The 1874 lease was a written instrument under seal. All rights of action asserted by the new plaintiffs are based upon it, and all arose before October 1, 1977, the effective date of the repeal of Title 8 of the Code and its replacement by Title 8.01. Code Sec. 8.01-256 provides that the limitation periods existing under the prior law are to continue to govern actions pending as well as rights of action existing on October 1, 1977. Accordingly, the new plaintiffs' rights of action here are governed by the ten year period prescribed by former Code Sec. 8-13 for actions founded upon written contracts under seal. The five-year limitation prescribed by present Code Sec. 8.01-246.2 is inapplicable.

The new plaintiffs appeared by counsel on various dates between May 1978 and January 1979 and were formally made parties plaintiff on February 19, 1980. Thus, to decide whether their claims are time-barred, we must determine whether their respective rights of action had arisen more than ten years prior to those dates.

The answer to that inquiry depends upon the terms of the contract and the facts alleged in the pleadings. The contract contains no fixed time or schedule of times for performance. Payment was due from lessees to lessors only when (1) coal was sold to lessees' customers and (2) the proceeds of such sales were "in the hands" of the lessees. The timing of those events was entirely within the lessees' control. They might, if they so elected, wait until the end of the 99-year lease period before becoming obligated to pay the lessors the first royalty payment by arranging to postpone the actual arrival of proceeds into their hands.

The contract provides for no periodic reports or statements to the lessors concerning lessees' receipts, nor does it provide any other means whereby the lessors could know when, or if, the lessees had become indebted to them. The record is devoid of any allegations of notice to the lessors that the lessees had become indebted to them or of any facts from which constructive notice could be inferred.

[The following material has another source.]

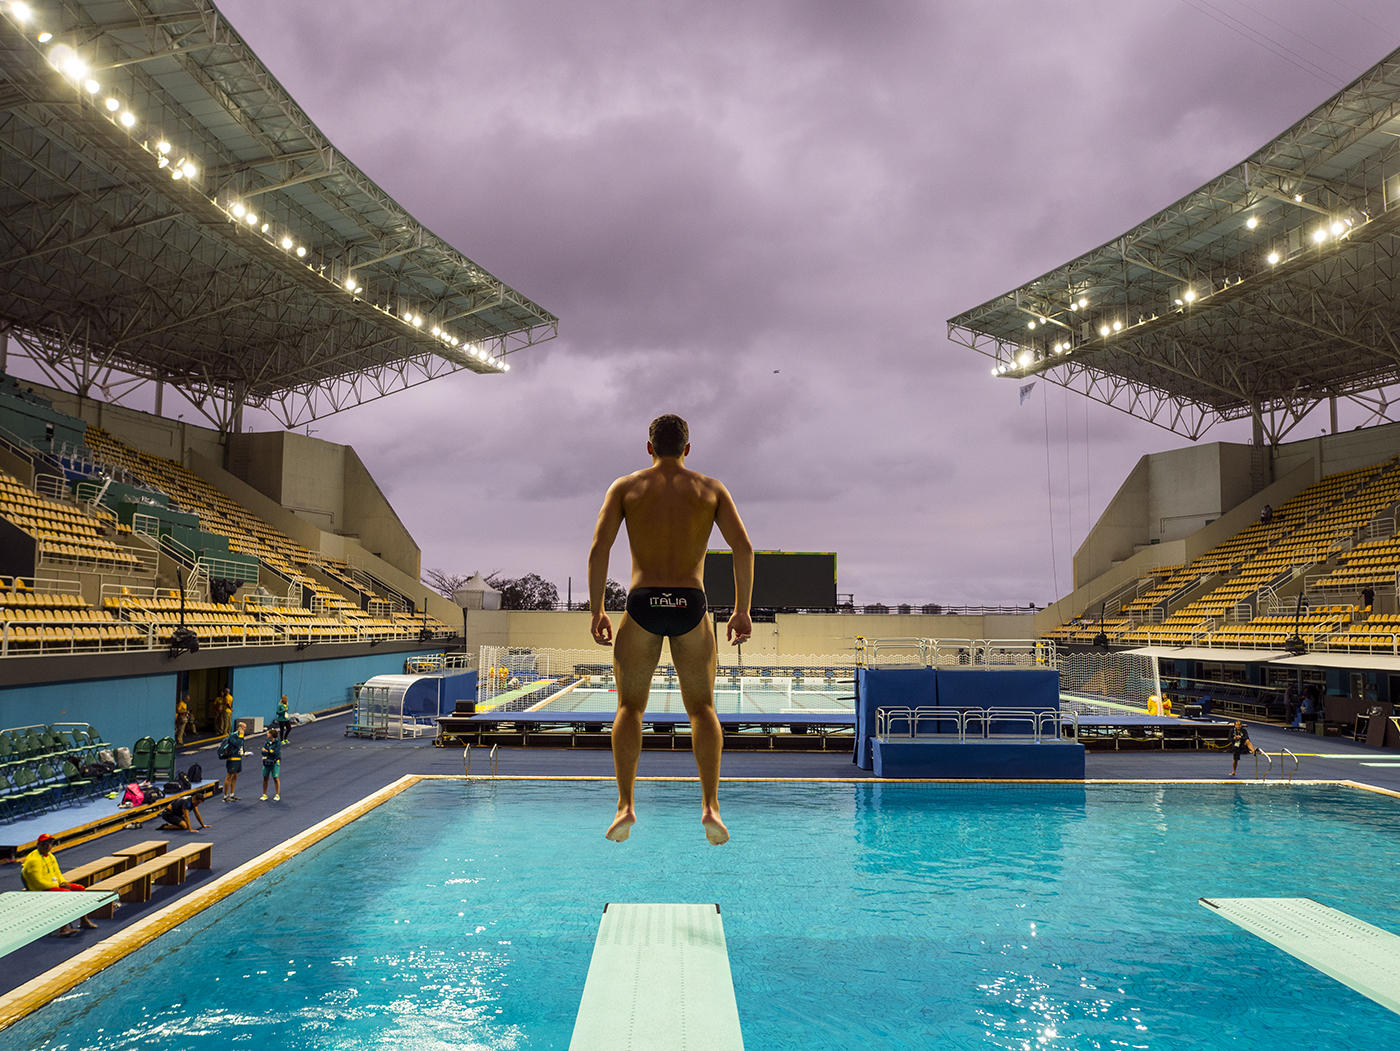 Italian divers in training : Rio Olymplcs 2016 : David Burnett | Photographer

The 1874 contract, therefore, differs from those providing for payment in installments, due at specified times. It was an entire contract, not a divisible undertaking. Cf Virginia Military Institute v. King, 217 Va. 751, 232 S.E.2d 895 (1977) (architect's contract to provide both design services and supervision of construction was divisible).

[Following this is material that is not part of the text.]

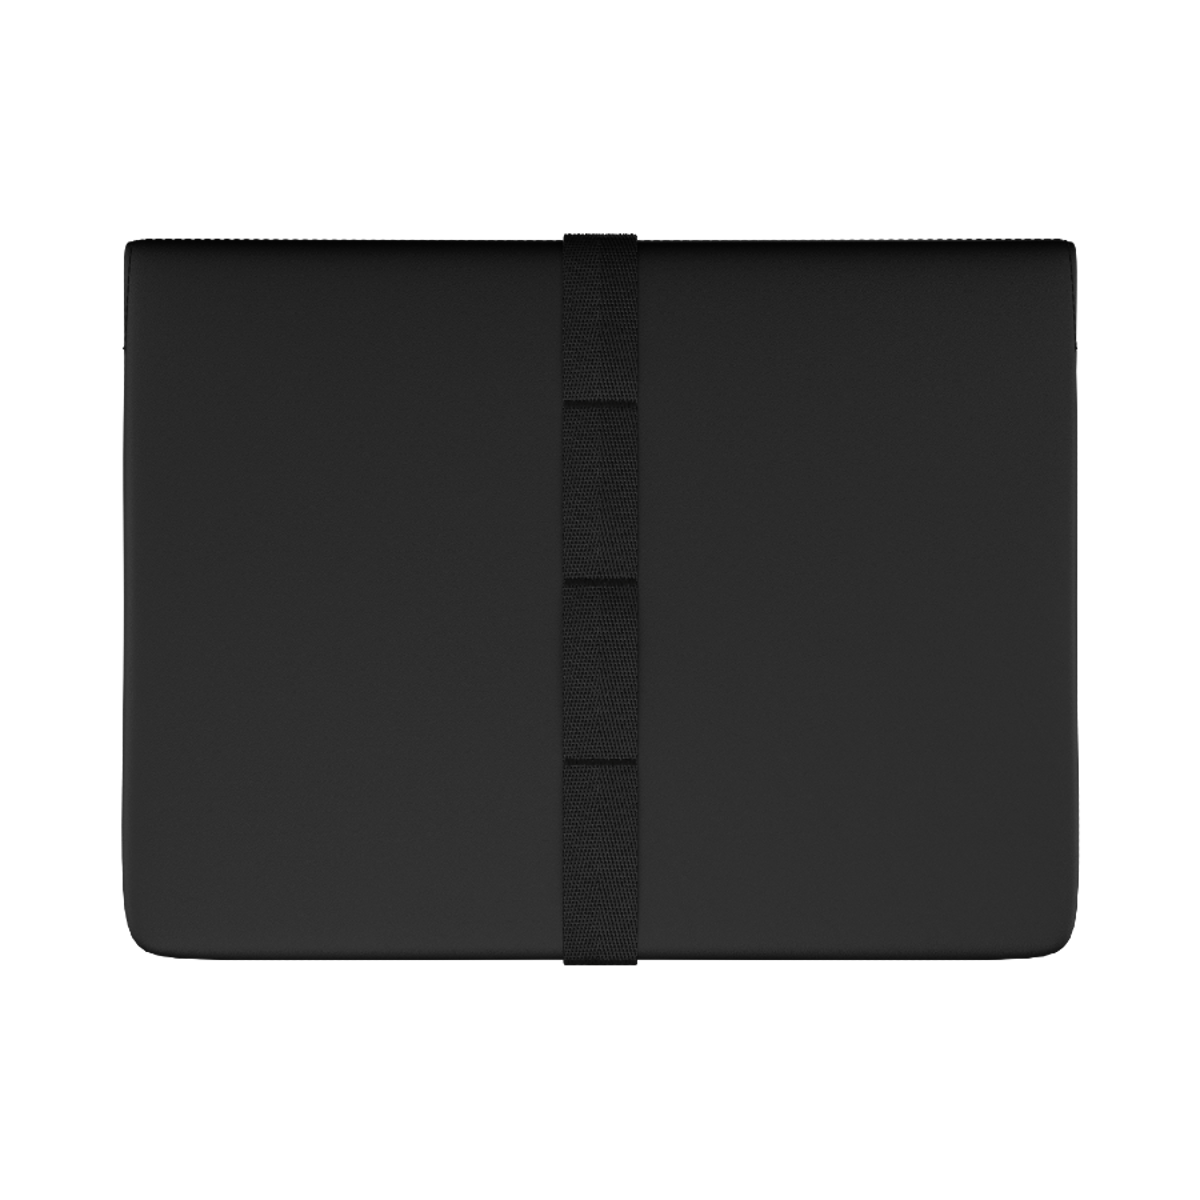 Douchebags - The Världsvan 13" Laptop Sleeve - Black Out

[5-6] In the case of an indivisible or entire contract, a party seeking to recover for a breach committed while the contract remained executory, or for an anticipatory breach committed before expiration of the time agreed upon for full and final performance, has the election of pursuing his remedy when the breach occurs, or of awaiting the time fixed by the contract for full and final performance. If he elects the latter course, the statute of limitations does not begin to run against his right of action until the time for final performance fixed by the contract has passed. Andrews v. Sams, 233 Va. 55, 58, 353 S.E.2d 735, 738 (1987); County School Bd. v. Beiro, 223 Va. 161, 163, 286 S.E.2d 232, 233 (1982); Simpson v. Scott, 189 Va. 392, 400, 53 S.E.2d 21, 24 (1949).

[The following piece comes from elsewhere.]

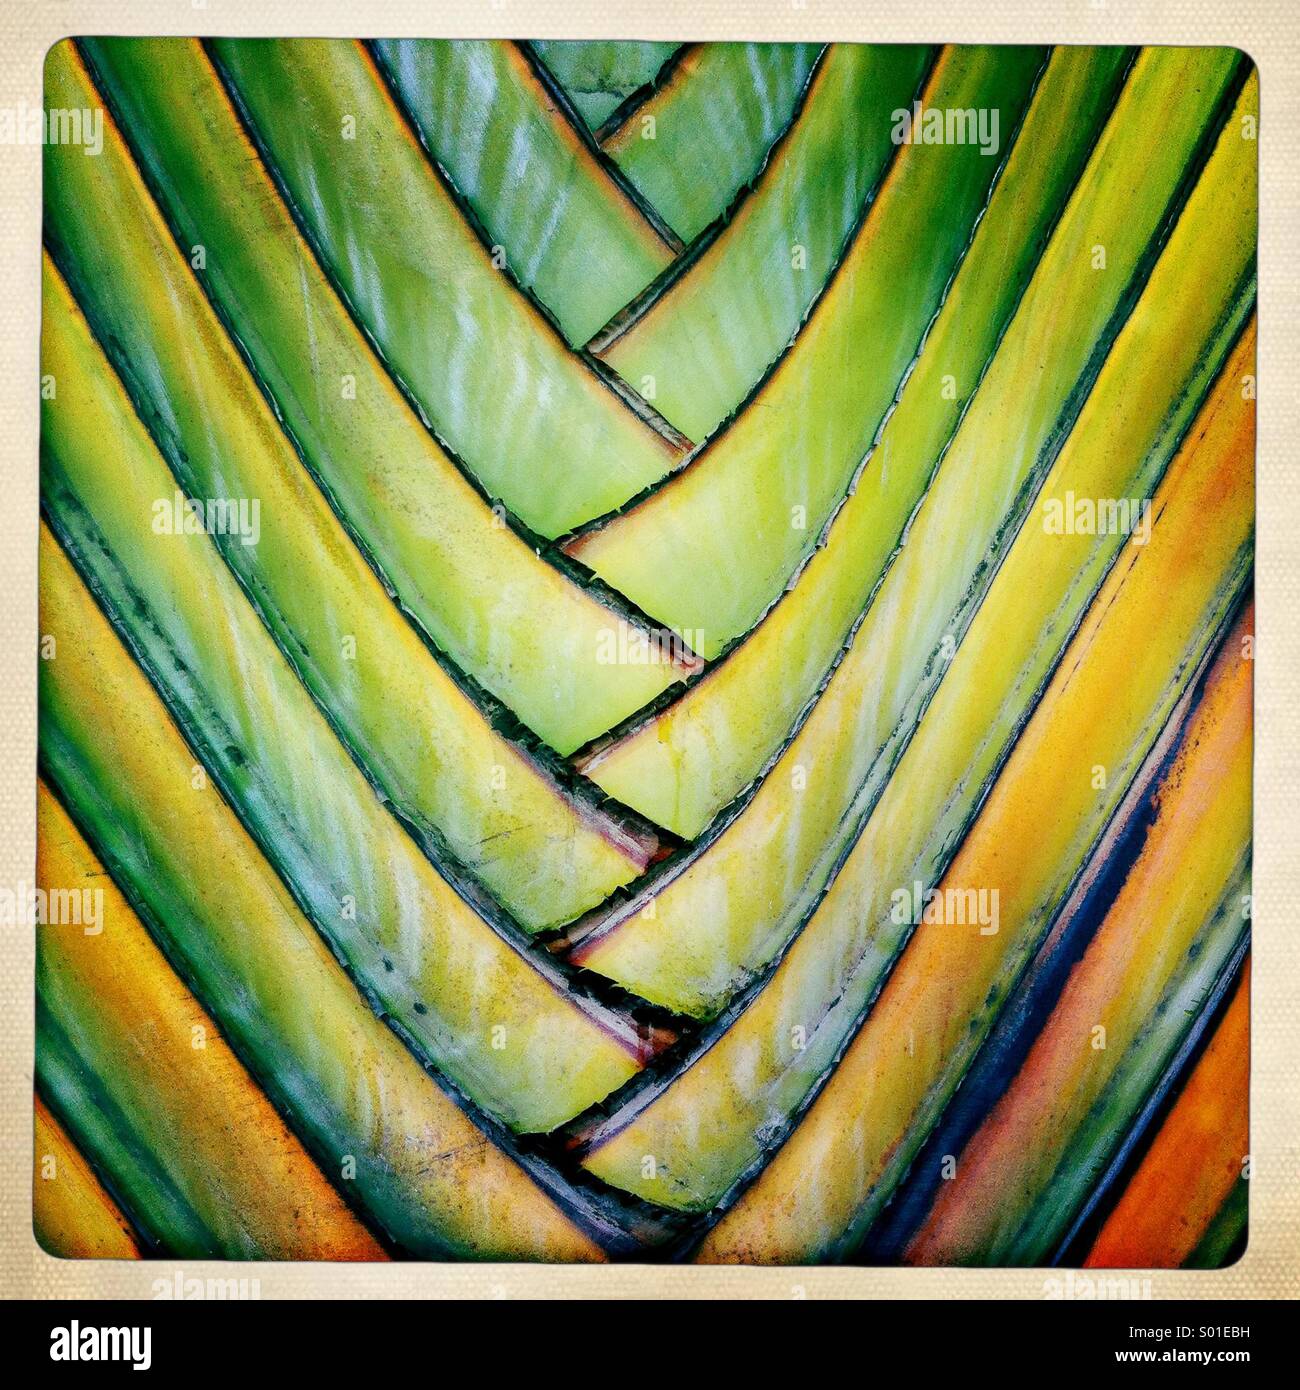 Resumen detalles coloridos de palma ornamental. Foto de stock

[7-8] We hold that under the provisions of the contract in question here, which fix no particular time for full and final performance, the rights of action of the lessors did not arise, and the statute of limitations did not begin to run against them, until the end of the contract's 99-year term, in 1973. This holding results from the general rule that, ordinarily, the statute of limitations does not begin to run on a claim for breach of an entire contract, which is continuing, executory, or capable of being enforced, until its termination. Trustee of Broaddus Institute v. Siers, 68 W. Va. 125, 129, 69 S.E. 468, 470 (1910); I H. Wood, Limitation of Actions at 660 (4th Ed. 1916). If the lessors, during the term of the contract, had elected to treat the lessees' nonpayment of royalties as an anticipatory breach and had then demanded payment, a different result might be reached. See Riverview Land Co. v. Dance, 98 Va. 239, 244-45, 35 S.E. 720, 722(1900). But the bar of the statute of limitations is an affirmative defense asserted by the lessees, and they have the burden of both alleging and proving a state of facts which would establish it. They make no such allegations here.

It may be contended that the lessors, including the new plaintiffs, could hardly have been ignorant of the removal of millions of tons of coal from their lands, beginning in 1945, and that they should be charged with such knowledge as to put them on inquiry that royalties might have become due. But the answer to that contention is that, even if the lessors had actual notice of an anticipatory breach of the contract by the lessees, they had the right to elect to await the end of the contract term and then to bring suit. Taylor v. Wood, 201 Va. 615, 620, 112 S.E.2d 907, 911 (1960).

Therefore, we conclude that the ten-year statute of limitations, which governs the claims of the new plaintiffs, did not begin to run against their respective rights of action until the end of the term of the lease in 1973. Because all new plaintiffs became parties to this action within ten years after that date, their claims are timely brought. Because the court erred in sustaining the lessees' plea of the statute of limitations, we will reverse the judgment and remand the case for further proceedings consistent with this opinion.

Reversed and remanded.


Summaries of

Roberts v. Coal Processing Corp.

Supreme Court of Virginia
Jun 10, 1988
369 S.E.2d 188 (Va. 1988)

holding that a contract under seal is governed by a longer statute of limitations period

Summary of this case from Century Ins. Co., Ltd. v. Guerrero

concluding that a land use lease agreement differed from contracts providing for payments in specified installments and, accordingly, was an indivisible contract because it contained no fixed time or schedule of times for performance and because the lessees' contractual obligations were triggered only by events entirely within the lessees' control

Summary of this case from Harvey v. Merrill Lynch Life Ins. Co.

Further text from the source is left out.